Chinese coke makers, including those affiliated to steel mills and independent coke plants, seem to be still seeking chances to hoard on some cost-effective metallurgical coal cargoes ahead of the country’s Lunar New Year holiday over February 10-17 that may present logistic challenges, Mysteel Global notes.
Steel mills and coke firms usually replenish the feed coal in larger quantities for their winter consumption in a concentrated manner. But this year, their restocking moves have been relenting so far and many want to buy coking coal at lower prices, mainly because of their soured profit margins lately, some sources share.
For example, the profitability ratio of the 247 Chinese steel mills that Mysteel monitors nationwide decreased to 33.77% as of December 21, lower by a notable 5.62 percentage points from a month ago and compared with 64.94% recorded in early August this year.
Mysteel’s other survey showed that steel mills in Tangshan city, the top steelmaking hub in North China’s Hebei province, still suffered an average loss of Yuan 254/tonne ($35.6/t) on selling steel as of December 27.
Though domestic steel mills and coke makers, main downstream buyers of coking coal, have kicked off building up their stocks of the feed coal from mid-November this year to prepare for consumption in the festive month of February, their restocking pace remained relatively slow due to their sustained low-inventory approach as well as the financial straits they faced, Mysteel Global has found.
By December 21, coking coal stocks at the 247 Chinese steel mills under Mysteel’s monitoring reached 8.12 million tonnes, still lower by a substantial 28% from the average level on the corresponding day over 2018-2021 and equivalent to 13.12 days of their consumption.
Besides, their stocks of the feed coal shed by 1.1% on week by the same day, mainly impacted by closure of multiple roads and highways connecting with main coal mining cities in North China’s Shanxi province due to heavy snows during the week.
But compared with a record low seen last winter, the met coal inventory of 8.12 million tonnes at the 247 mills by December 21 this year was slightly higher by 2.4%, largely associated with their higher output of hot metal this year despite an overall falling trend since November, Mysteel Global noted.
In general, these sampled mills have built a total of 740,000 tonnes of coking coal stocks since November this year, dwarfed by an increase of around 851,000 tonnes of stocks logged in the corresponding period in 2021, Mysteel’s monitoring data showed.
In fact, domestic steel mills have maintained lower feed coal stocks than previous years throughout this year, evidenced by a 10.9% on-year drop in average coking coal stocks at the 247 steel mills over January 1-December 21, according to Mysteel’s data.
In addition to their poor profit situation, China’s continued efforts to secure steady coal supplies this year have also relaxed their eagerness to store the feed coal, Mysteel Global noted.
Significantly, Chinese authorities’ relatively lenient approach to coal mine accidents this year has enabled halted coal mines to resume production promptly after passing safety checks.

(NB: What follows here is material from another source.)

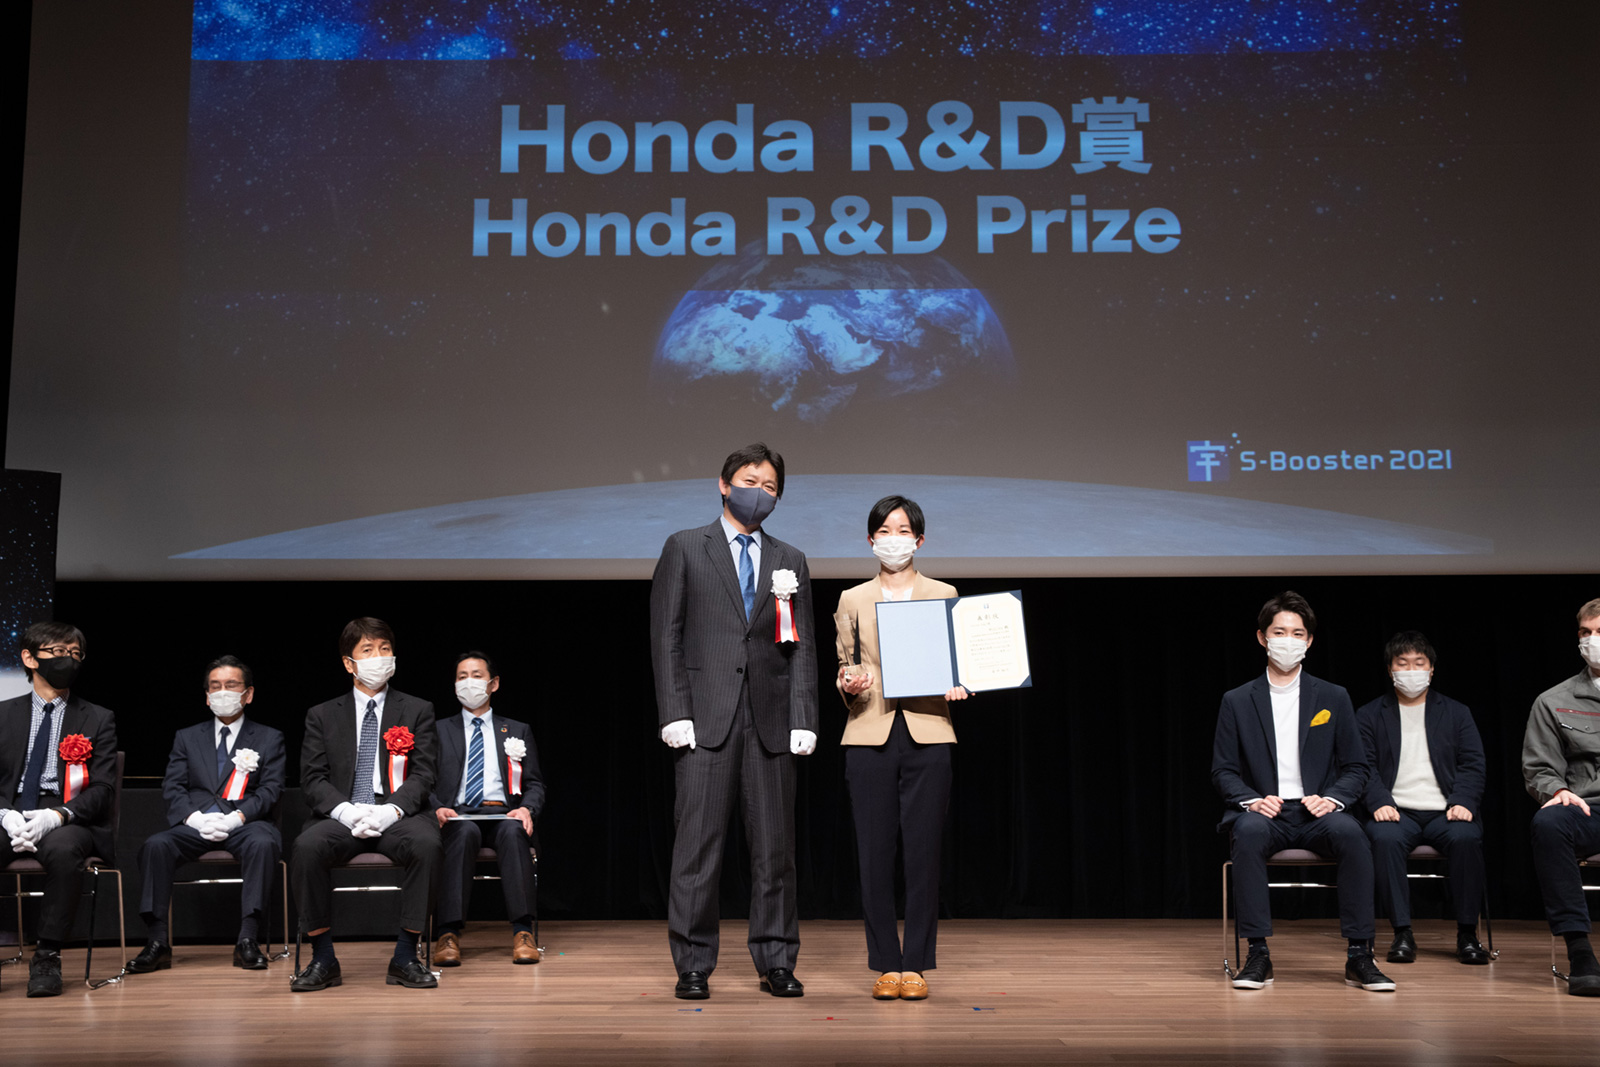 Honda R&D Prize

This has greatly dispelled concerns over coking coal supply among domestic end-users, especially when China’s Spring Festival holiday draws near and safety checks tend to strengthen.
For coke makers, coking coal stocks held by the 230 independent coke firms under Mysteel’s tracking have climbed by 1.36 million tonnes from early November to reach 9.16 million tonnes as of December 21, representing relatively quick buildups from their low levels previously.
“The recent retreats in coking coal prices have helped coke plants take a breather from deep losses, with improved profit margins encouraging their operations and lifting buys of the feed coal,” a market watcher revealed.
However, China’s wavering ferrous market could force steel mills to table a new round of coke price cuts in the short run, which could squeeze coke makers’ margins and stall their winter restocking of coking coal as well, a Shanghai-based analyst predicted.